Class 3 - The Other

2024-09-02
4 min read

Welcome

We’ll do a quick five-minute check in first of all in breakout groups.

Today’s Class

We’re going spend today exploring the first chapter of Kapuściński. We’ll talk about his reflections on othernerss, and discuss the questions that I set for your reading and reflection task last time. Then, in the second half of the class, we’ll think about the history of ideas of otherness.

Talking back to Kapuściński

We’re going to start by thinking about where we disagree with Kapuściński. This is an exercise in close reading. In the first half of the class, I’m going to ask you to go back to the original text, and think about the section that you think is most wrong.

We’ll share our disagreements on a Google doc. Share the following information:

  1. Your name
  2. The quoted passage from the original text.
  3. A short passage about why you disagree.

Break!

Let’s have a tea break!


Thinking thorugh Kapuściński

For your homework, I asked you to read the first chapter of Ryszard Kapuściński’s book The Other (skipping the introduction). The chapter is called “Conquest and Exchange.” Kapuściński was a Polish journalist, and here he reflects on his own encounters with otherness, and the broader human concerns with otherness.

Then I asked you to think about the following questions:

  1. What do you think Kapuściński means when he says, “every encounter with the Other is an enigma, an unknown quantity — I would even say a mystery”?
  2. Kapuściński writes from a European perspective. How does this concern with others and otherness translate into your own cultural context?
  3. Our relationships with others tend to divide between curiosity (what in ancient Greek is called philoxenia, the fascination with the other) and fear (xenophobia, the fear of the other). In what ways do human societies manage this combination of fear and curiosity?
  4. Albrecht von Haller writes “Nothing is better able to dispel prejudices than familiarity with many peoples of disparate customs, laws and opinions — an otherness that for the price of a minor effort teaches us to cast off what makes people different, and to regard as the voice of nature the things on which all peoples agree.” What is he arguing here, and what is he saying about otherness and sameness? Do you agree?

I’m going to split you into groups to talk through these questions. I’ll assign a question to each group. I am going to give you quite a long time to really dig into these questions and explore them in depth. I want you to answer these questions with reference to the text. So don’t just pluck ideas out of the air: think about the questions, together read and re-read the text, and see what the text is saying.

Use as your starting point your own responses to your assigned question (which should be on Canvas).

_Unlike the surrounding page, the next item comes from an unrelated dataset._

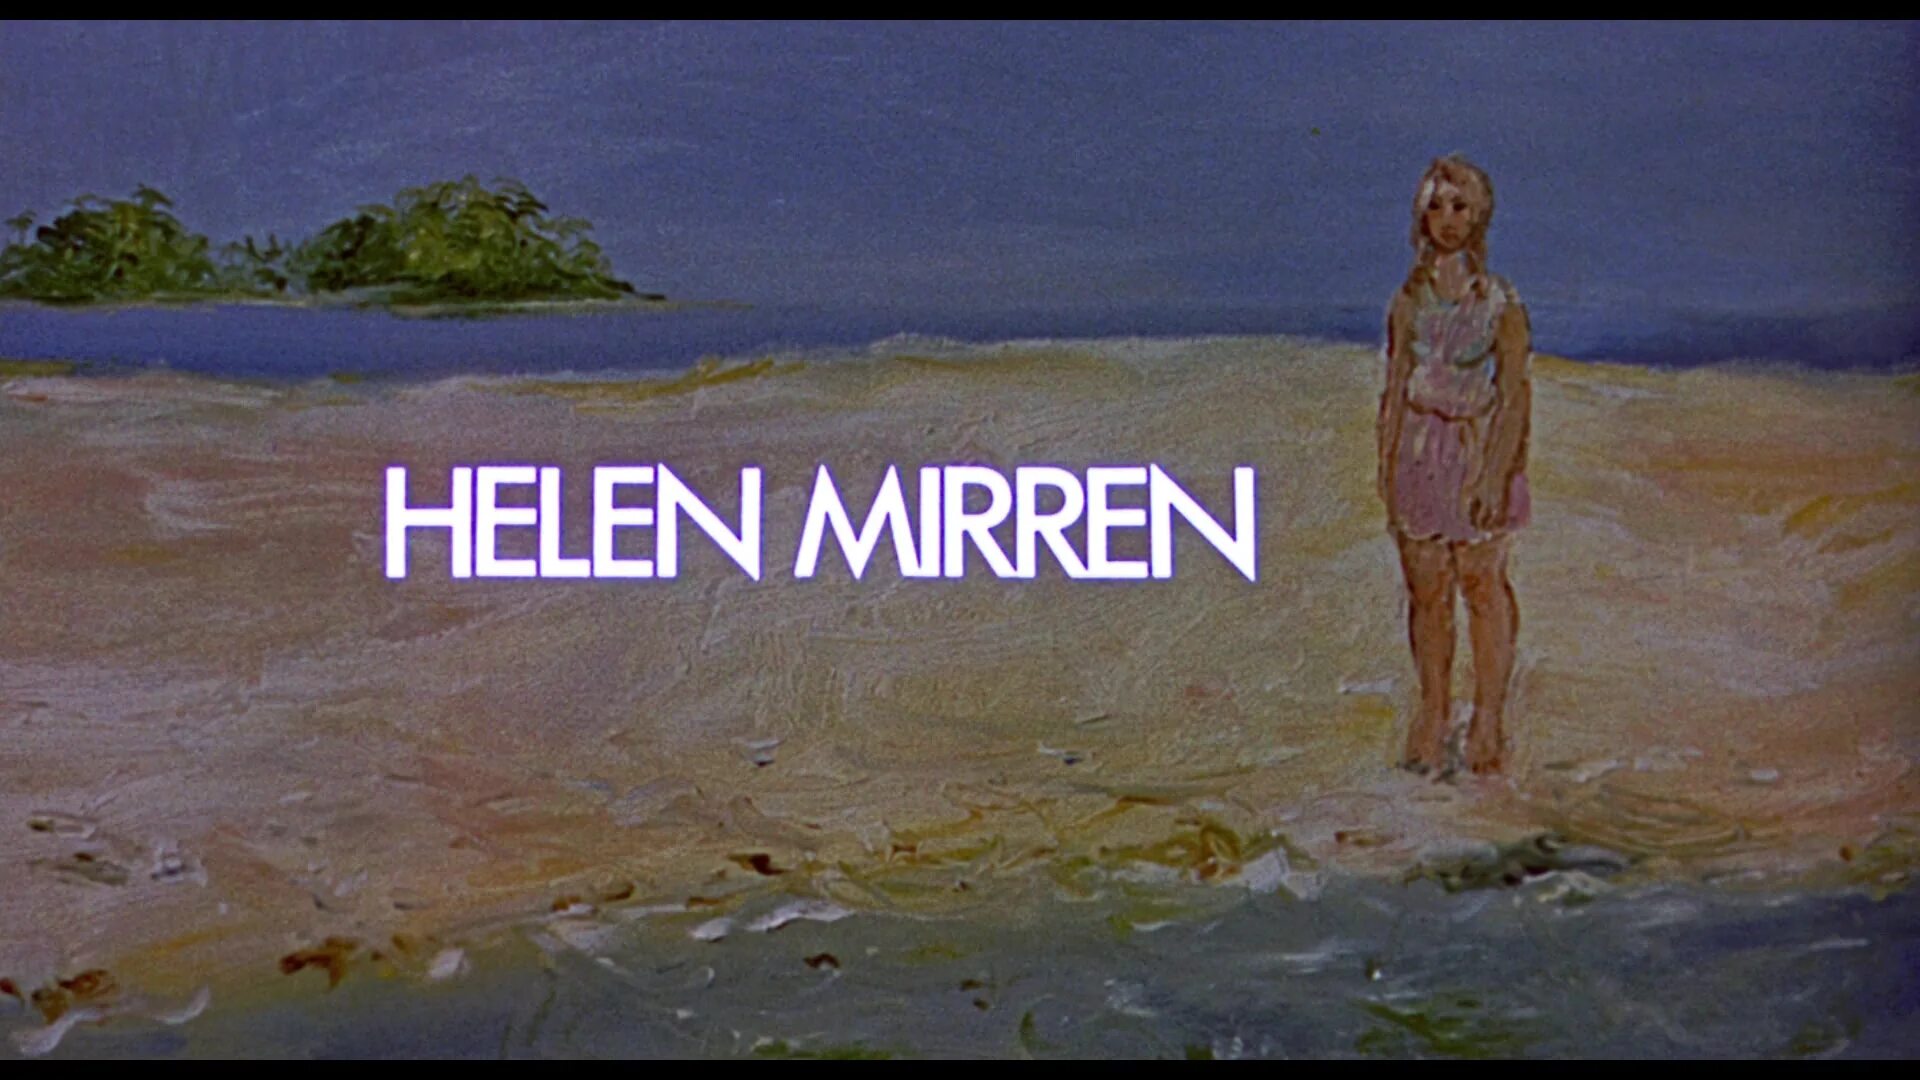 Хелен Миррен age of consent (1969). Хелен Миррен 1969. Хелен Миррен совершеннолетие (1969). Хелен Миррен совершеннолетие 1968.

You have 20 minutes to discuss. Then I’ll get each group to feed back, giving you 5 minutes each. This should give us an outline understanding of this first chapter of Kapuściński.


Otherness: Monstrousness, opportunity and human variation.

Let’s look more closely at how traditionally people have imagined human variation. Throughout history, “other” nations, races, peoples have often been reimagined as monsters, thus dehumanising them. There’s a great book about this called Making Monsters: the Uncanny Power of Dehumanization by David Livingstone Smith (Harvard University Press, 2021). So we’re going to think about this tendency to demumanise others.

Historically, when we had less information, people from elsewhere — people who were other — were quite literally imagined as monsters. They were yakṣas or rākṣasas or demons. In Europe, fanciful travellers’ accounts since Greek times reported on human variation. Take these images from the Nuremberg Chronicle, which is a German book from 1493 by Hartmann Schedel (1440-1514).

Now, we know that there are not literally monsters elsewhere; but we still have this tendency to turn others — migrants, refugees, those from other religions, those from other countries — into moral monsters.

Homework:

For today’s homework, I want you to first read the reading by Saint Augustine about otherness and monsters. It is only two pages long and can be found under the Files tab on Canvas. When you have done the reading, answer the following questions on the Canvas discussion board.

  1. What are the sources from which Augustine has learned of the “monstrous races”, and how reliable does he think they are?
  2. In what ways is this divergence from what he calls “the natural norm” a religious or philosophical problem for him?
  3. What analogy does he use to suggest that this diversity, if it exists, might be natural?
  4. What is Augustine’s definition of “human”?
  5. What are the three possibilities Augustine offers for explaining these “monsters”? Are there other possibilities he doesn’t include, or that he rules out?

This is a graded task (zero or one), and the deadline is by the end of Wednesday 4th September ICT.

We’ll start the next class by talking about this, and then we’ll have fun thinking about monsters.